Cuando Fernando se encontró solo abrió una mampara, y Elías, que estaba oculto, se presentó. La imagen del consejero áulico daba pavor. Estaba lívido; le temblaban los labios, secos por el calor de un aliento que sacaba del pecho el fuego de todos sus rencores. Crispaba los puños, y aun se hería con ellos en la frente, produciendo el sonido desapacible que resulta de la seca vibración de dos huesos que se chocan.
«¿Ves? -le dijo el Rey encendido de furor, y dando en el suelo una real patada, que estremeció la sala-. ¿Ves lo que ha pasado? ¿Oíste? Vuelve a decirme que todo era cosa segura, que confiara en ti, que tú lo harías todo. ¡Ah, qué desgraciado soy! -añadió con desaliento-. ¡Que no encuentre yo un hombre! ¡Un hombre es lo que yo necesito, un hombre!».
-Señor -murmuró Elías, alejado del Rey como el perro que ha recibido un palo de su amo-. ¡Señor, nos han vendido!... ¡Ese sobrino mío, ese infame nos ha vendido!
-No -dijo Fernando con repentino acceso de ira-: tú, con tu imprudente conducta, me has comprometido. Ya ves, todo el mundo sabe que eres agente mío. ¿No viste cómo con buenas palabras me lo dijo Felíu? ¡Oh, le hubiera arrancado la lengua! ¡Tú me has vendido!
-Señor -replicó Coletilla, con voz en que había algo de llanto-; señor, traspasadme el corazón, pero no digáis que os he vendido. Yo no puedo venderos. Abofeteadme; escupidme, Señor, antes que decirme tal cosa... Vuestra causa ha sido siempre mi único pensamiento; a ella me he dedicado con toda la actividad de que soy capaz. Es que Dios, Señor, permite ciertas cosas; Dios pone a prueba nuestro temple y nuestro valor. No me culpéis a mí, señor; yo os he servido como un perro.

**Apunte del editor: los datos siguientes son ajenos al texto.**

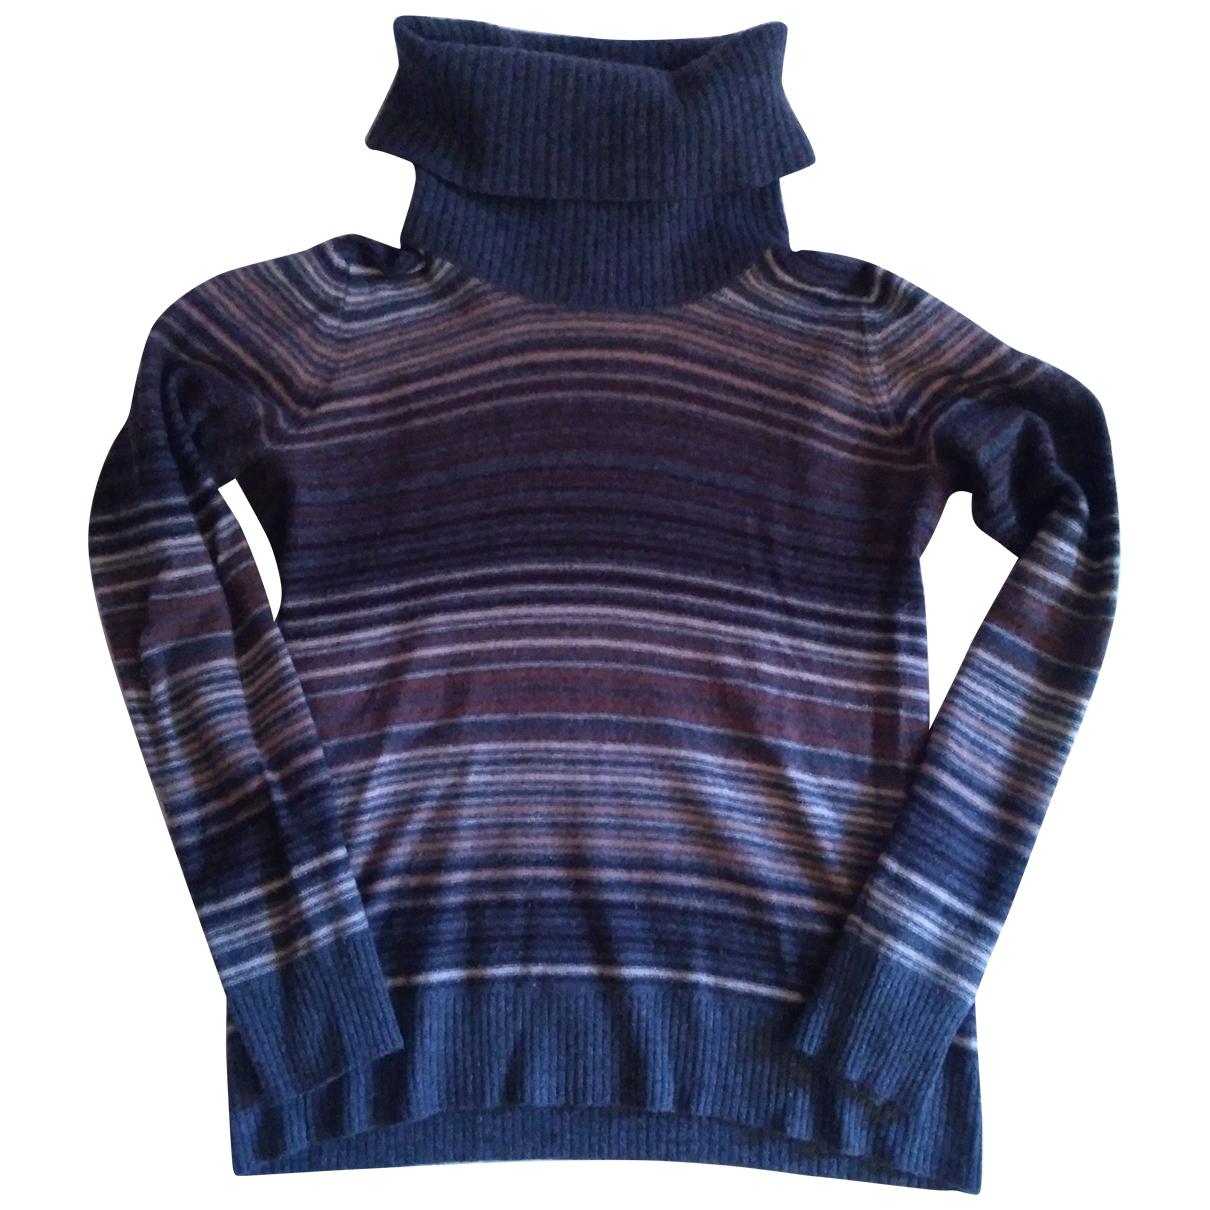 D&g - Pull   pour femme en laine - gris
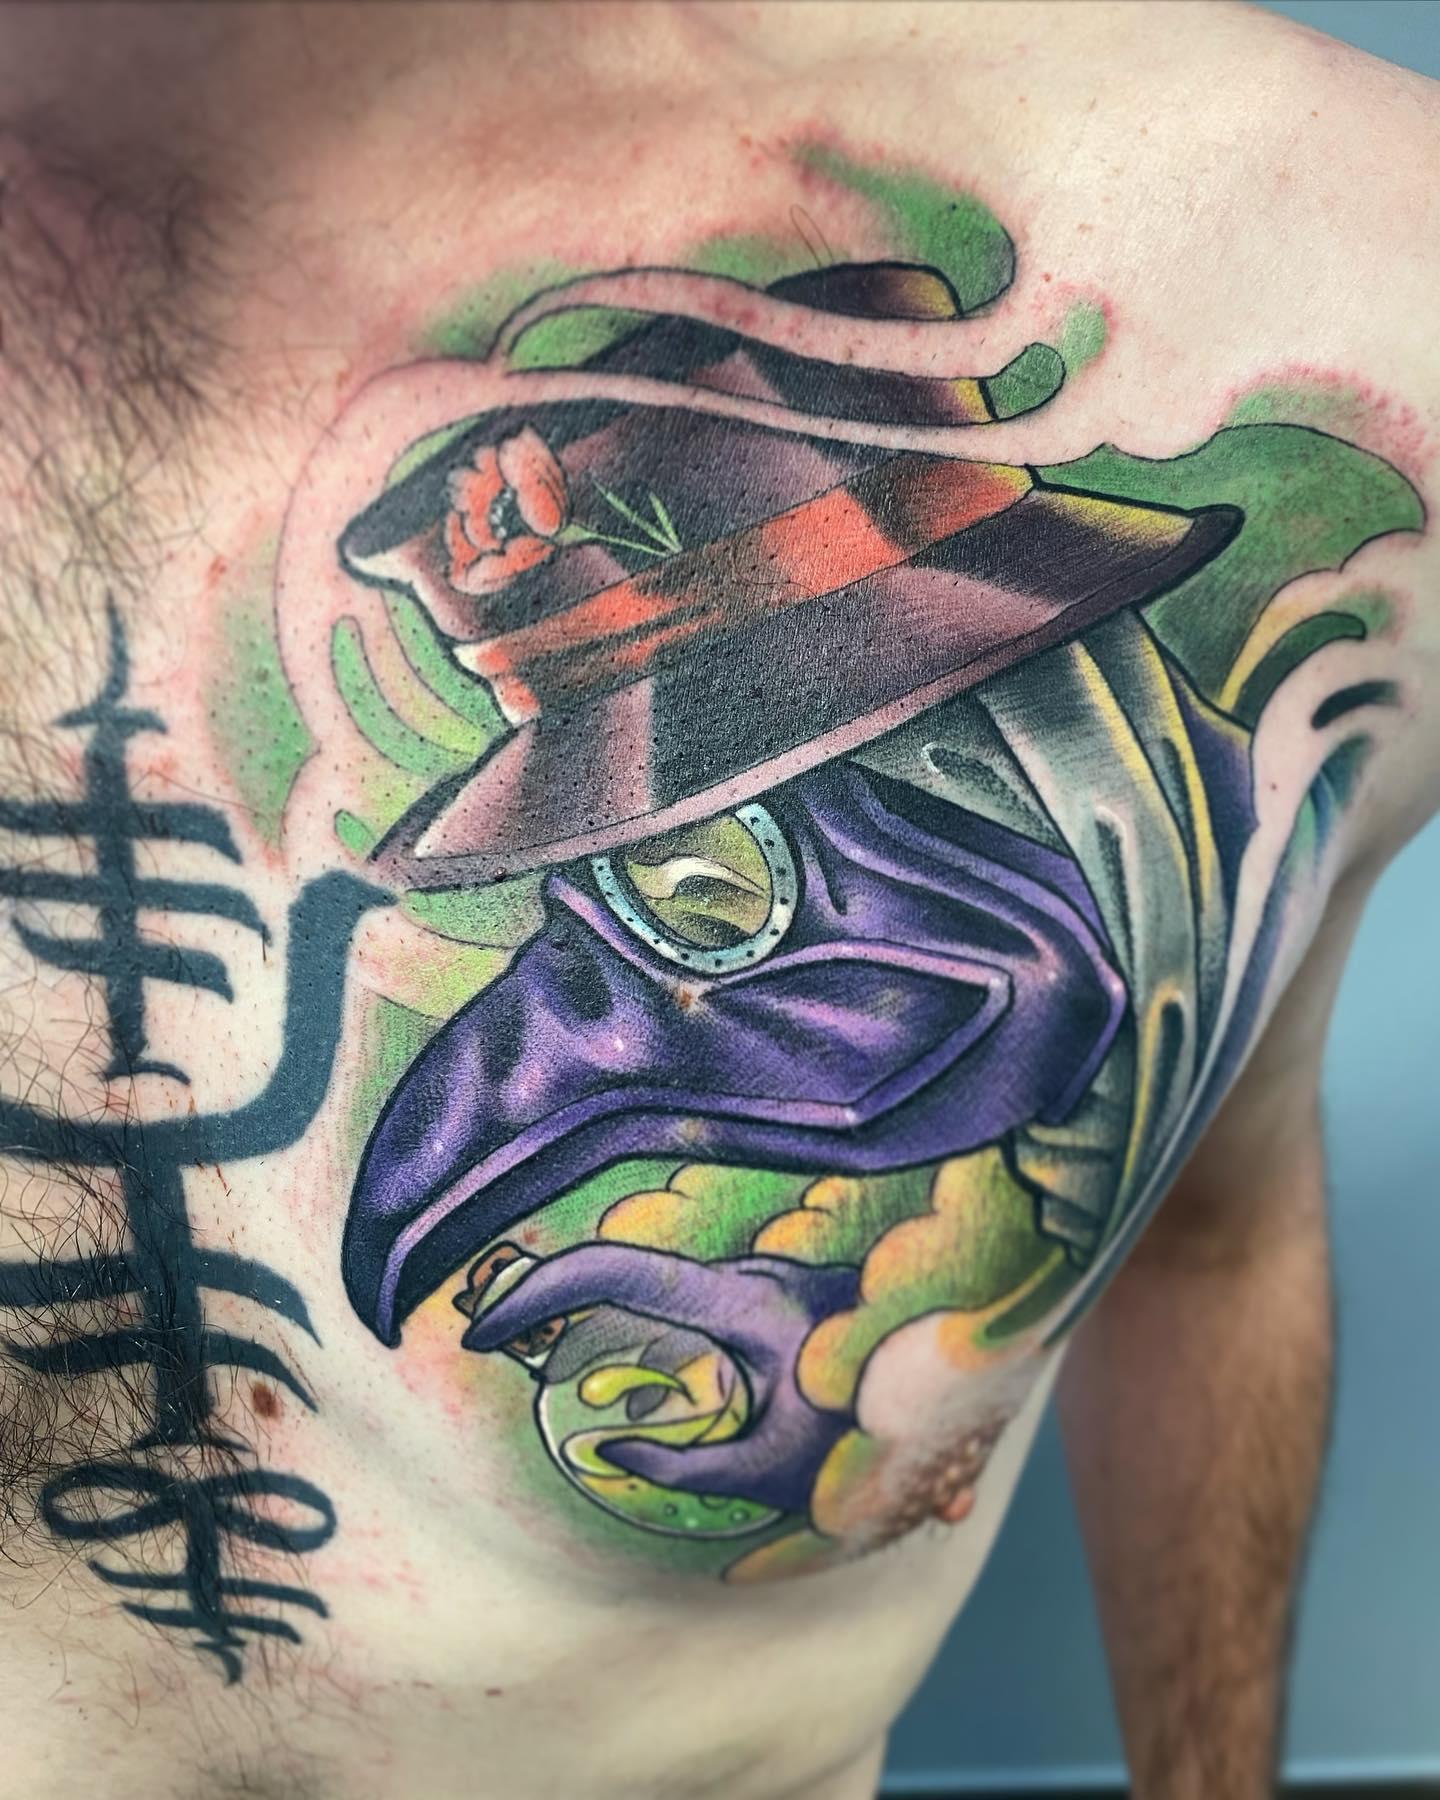 skit_tattoo_11

En aquel momento, podemos asegurarlo, Coletilla habría quedado muy satisfecho si Fernando hubiera cogido en su cobarde mano la espada augusta de sus mayores, atravesándole con ella. Pero Fernando no hizo tal cosa. Coletilla sintió todo el menosprecio de su amo, y aquel puntapié moral le lastimó más que una puñalada. El fanático realista hubiera visto con terror, pero no con asombro, que el Deseado le mandara colgar de una almena o le hiciera apoyar la cabeza sobre el tajo feudal para recibir el hachazo del verdugo. Acercose al Rey, se le arrodilló delante, y dijo con gran energía:
«Señor: yo os juro, en nombre de vuestros mayores, que esta derrota aparente que hemos sufrido no es más que el preludio de la gran victoria que ha de poner remate a nuestra empresa. ¡Yo os lo juro! Despreciad las alusiones de Felíu, despreciadlo todo. Seguid; sigamos. Los leales existen; sólo falta el primer paso. ¿Tropezamos esta noche? Mañana no tropezaremos: os respondo de ello, os lo juro».
Levantose lentamente; hizo una profunda reverencia, inclinándose lo más que pudo, y se dirigió a la puerta, volviendo el rostro varias veces a ver si el Rey le miraba. El Rey no le miró. Estaba muy ensimismado: de vez en cuando hería el suelo con el pie, ocultando la cabeza entre las manos sin decir palabra. Coletilla, desde la puerta, esperó una mirada del Deseado: no la consiguió, y fuese, sintiendo, al par de su concentrada rabia, dolorosa impresión de agravios y desconsuelo que le ponía en el corazón un dolor inaudito.